Following the pandemic, he began 2020/21 season at Opera Australia Sydney with Alfredo, where “he masterfully captured the naiveté of a young man who would fall heedlessly in love with a society woman”. This production is now broadcast in many cinemas around the world. In 2021, after 10 years on stage, Lahaj made his debut in the new role of Mario Cavaradossi in Giacomo Puccini's Tosca, at Teatro Petruzzelli, where he shared the stage together with Ailyn Pérez, Franco Vassallo and others and Giampaolo Bisanti as a conductor. He also reunited again on the stage during the 2022/23 season with Placido Domingo in Elbphilharmonie, Hamburg.

== Opera roles ==
- Alfredo, La traviata (Verdi)
- Duke of Mantua, Rigoletto (Verdi)
- Macduff, Macbeth (Verdi)
- Rodolfo, La Bohème (Puccini)
- Mario Cavaradossi, Tosca (Puccini)
- Pinkerton, Madama Butterfly (Puccini)
- Rinuccio, Gianni Schicchi (Puccini)
- Edgardo, Lucia di Lammermoor (Donizetti)
- Nemorino, L'elisir d'amore (Donizetti)
- Faust, Faust (Charles Gounod)
- Ferrando, Così fan tutte (Wolfgang Amadeus Mozart)
- Werther, Werther (Jules Massenet)

== Other work ==
The “Rame Lahaj International Opera Festival" was established in 2021 with the intention to connect the Kosovar scene to the international one. The concert „Rame Lahaj & Friends” was created upon the thought of evolving into a Festival and Foundation focused especially on younger artists, their art, and Kosovar culture overall. Its main goal was however to promote the Kosovar state and its performers to a wider international public. Rame Lahaj International Opera Festival became the first regional and local event based solely on operatic nature. It is hosted in a country that does not possess any opera houses nor a very large opera tradition.

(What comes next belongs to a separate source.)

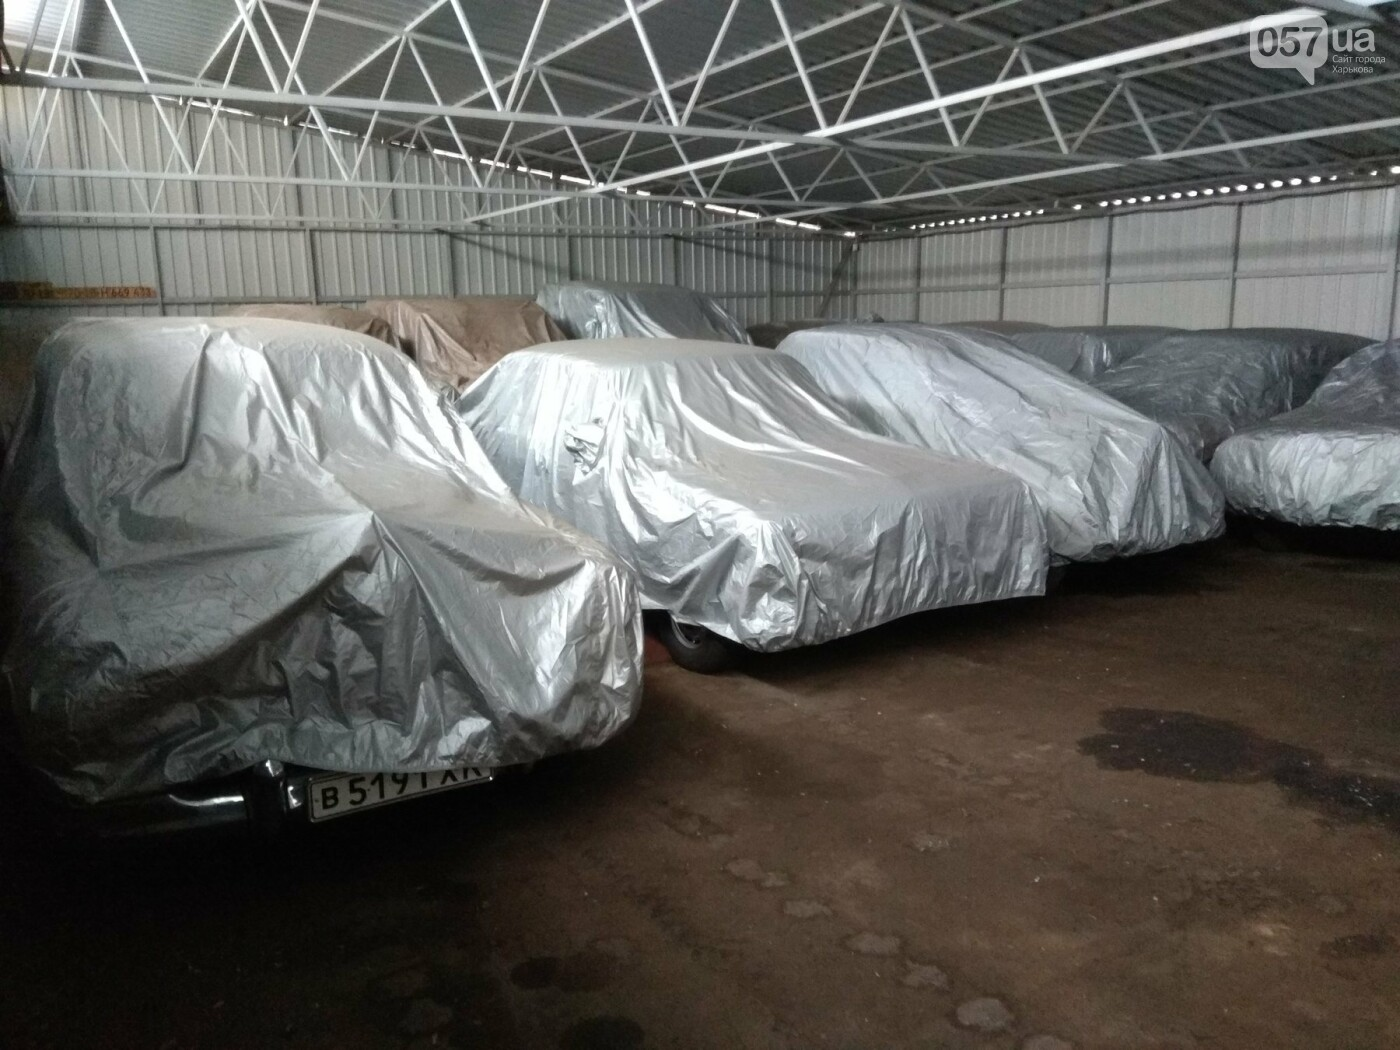 «Buick» Буденного и самодельные машины: как харьковчанин собрал коллекцию из 100 ретро-автомобилей, - ФОТО, фото-26

With the help of Rame Lahaj Foundation, Lahaj aims to support emerging talents and best students from the RLIOF festival by offering them masterclasses abroad or bursaries for their studies.

== Awards and honours ==
Rame Lahaj has won various accolades, the most notable of which is Operalia. Furthermore, he was awarded the 10th Independence Anniversary Medal by the President of the Republic of Kosova, with the objective "Drawing Kosova Closer to the International Arena Through the Art of Opera." Notably, he was both honored by the Prime Minister of Kosova and proclaimed a Global Ambassador of Kosova around the world.